### [Records provided]
== Segment start ==

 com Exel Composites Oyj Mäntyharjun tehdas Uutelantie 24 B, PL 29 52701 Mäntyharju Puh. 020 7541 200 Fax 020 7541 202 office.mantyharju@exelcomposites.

== Segment end ==
== Segment start ==

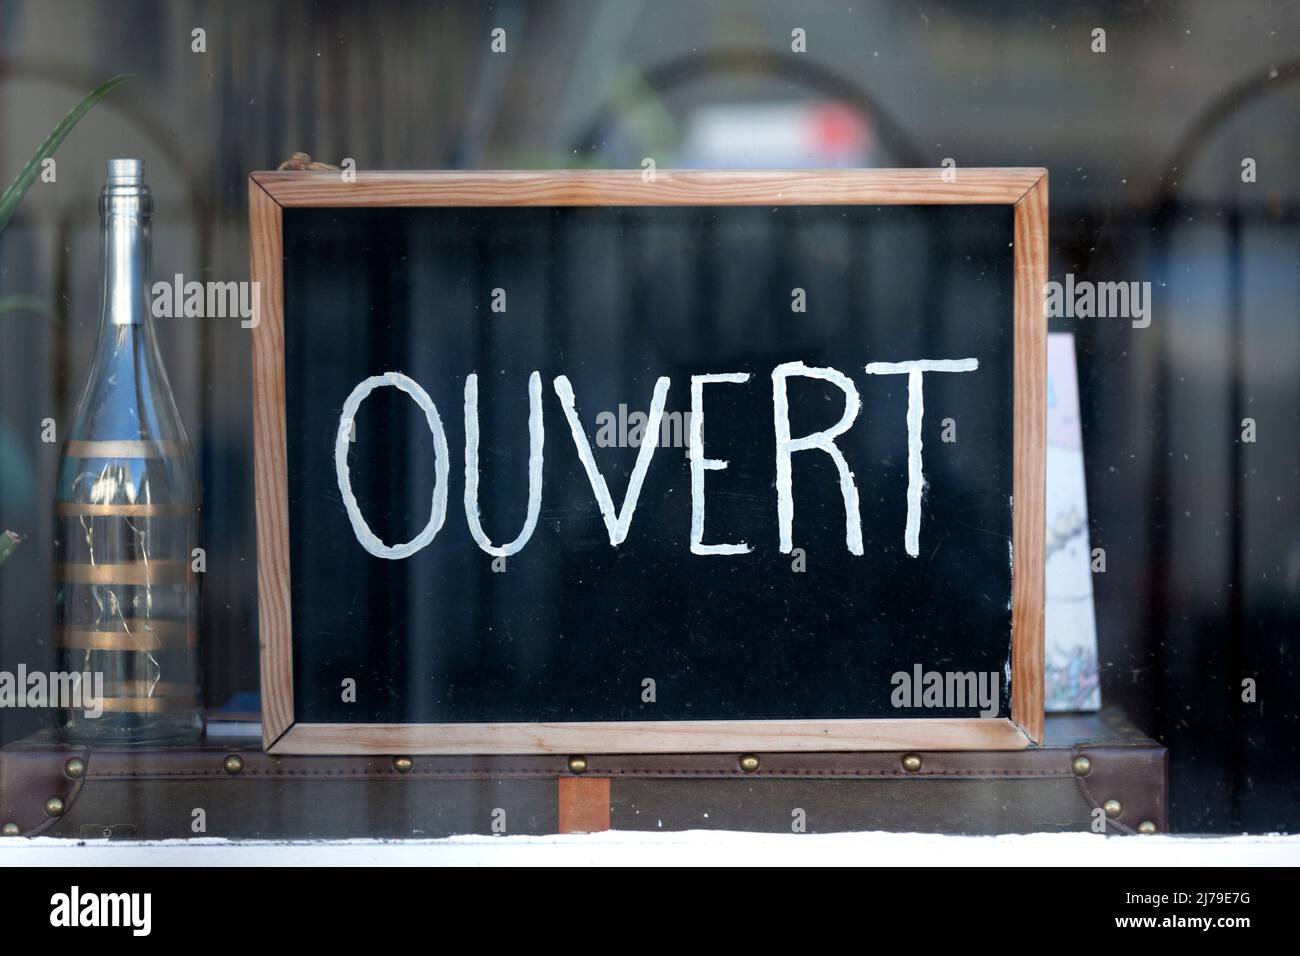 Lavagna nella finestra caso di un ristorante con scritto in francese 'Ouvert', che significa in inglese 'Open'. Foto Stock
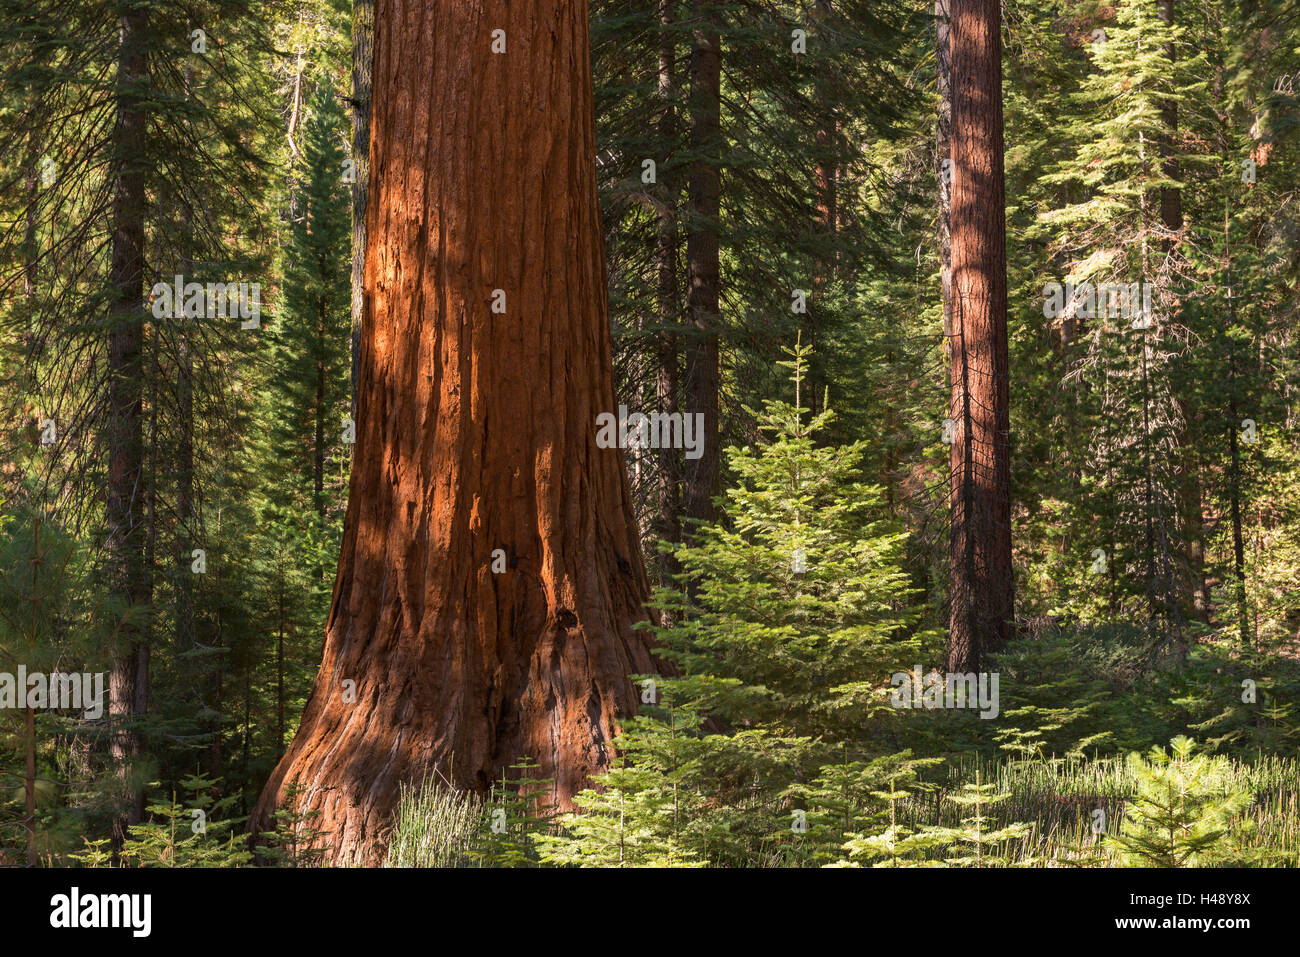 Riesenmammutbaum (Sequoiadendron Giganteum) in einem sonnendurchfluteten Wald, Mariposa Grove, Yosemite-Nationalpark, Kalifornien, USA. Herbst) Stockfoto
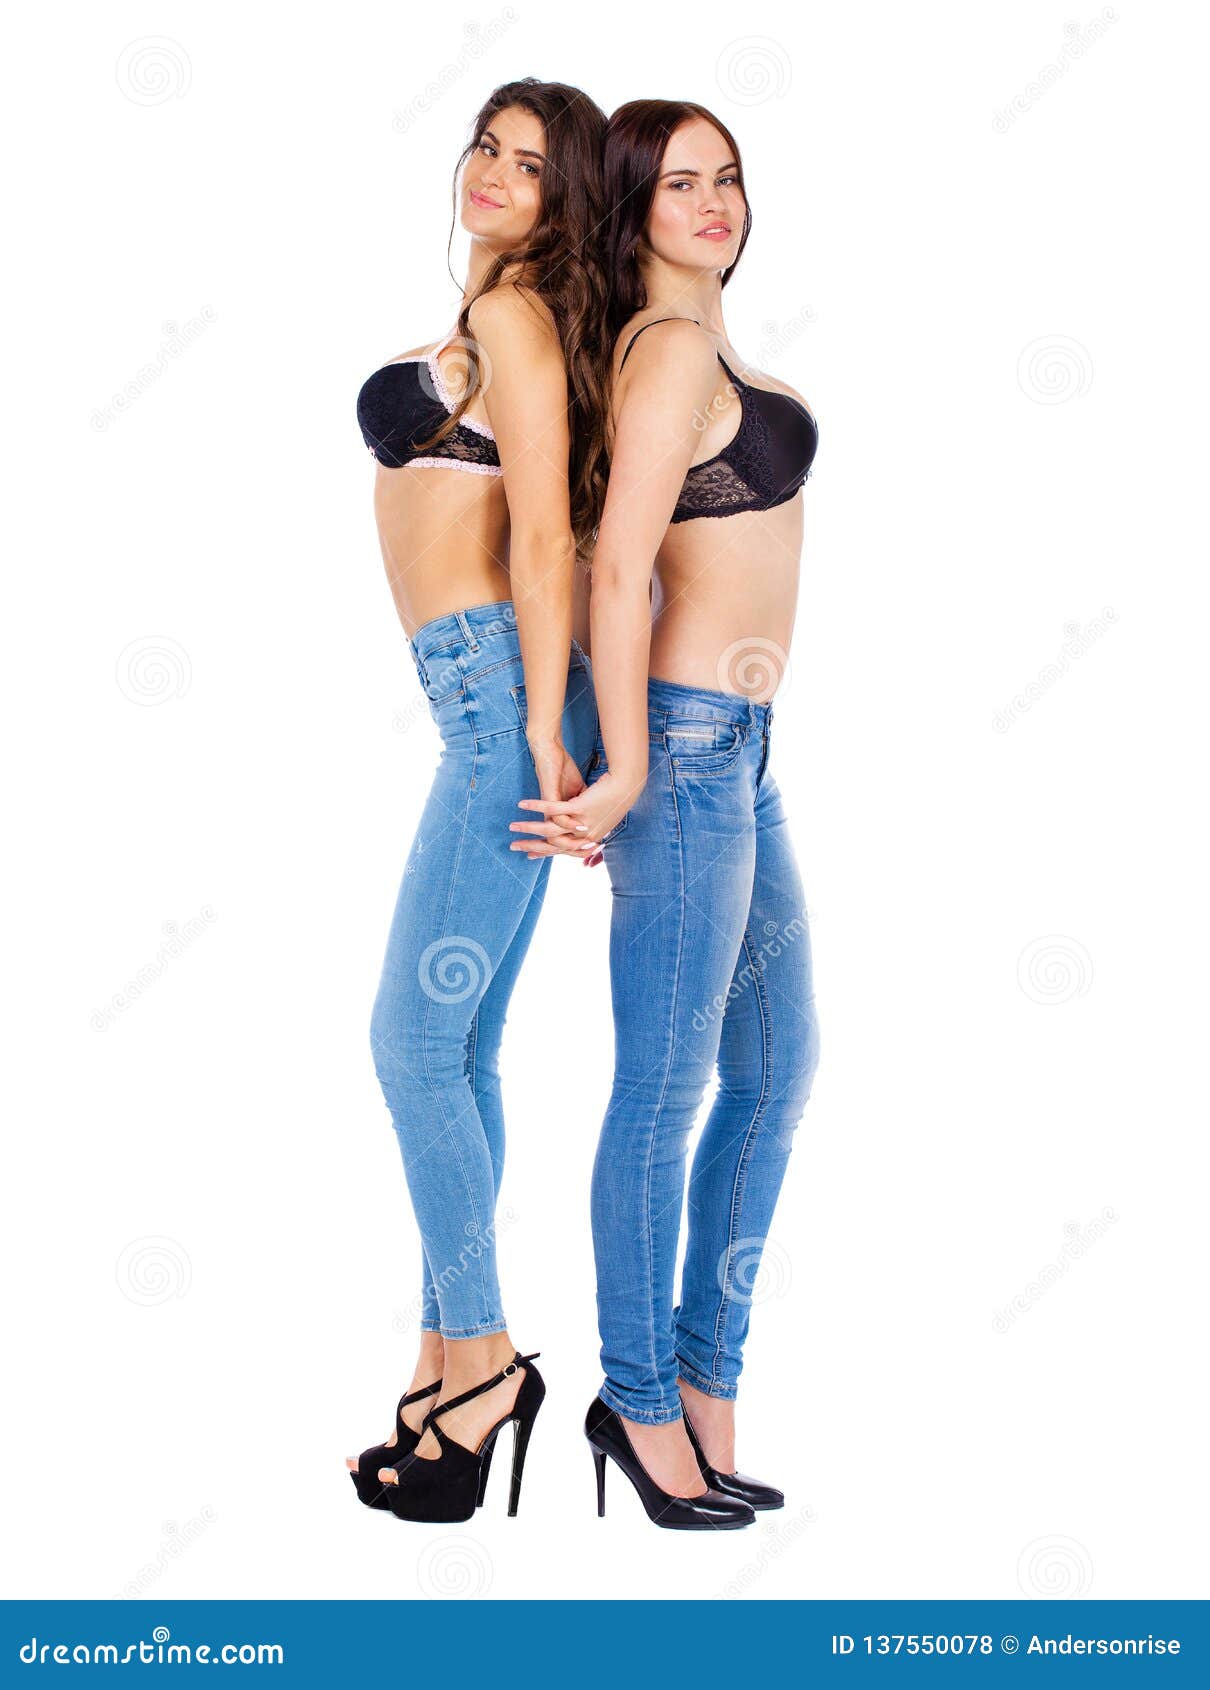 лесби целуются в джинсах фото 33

== Segment end ==

### [What is required]
Within the listing above, print exactly the stretch beginning at the line that contains "Riesenmammutbaum (Sequoiadendron Giganteum)" and finishing at the line that contains "лесби целуются в джинсах фото 33", ends kept, pictures left out, and nothing more.

### [Reply to the task]
 Riesenmammutbaum (Sequoiadendron Giganteum) in einem sonnendurchfluteten Wald, Mariposa Grove, Yosemite-Nationalpark, Kalifornien, USA. Herbst) Stockfoto
 лесби целуются в джинсах фото 33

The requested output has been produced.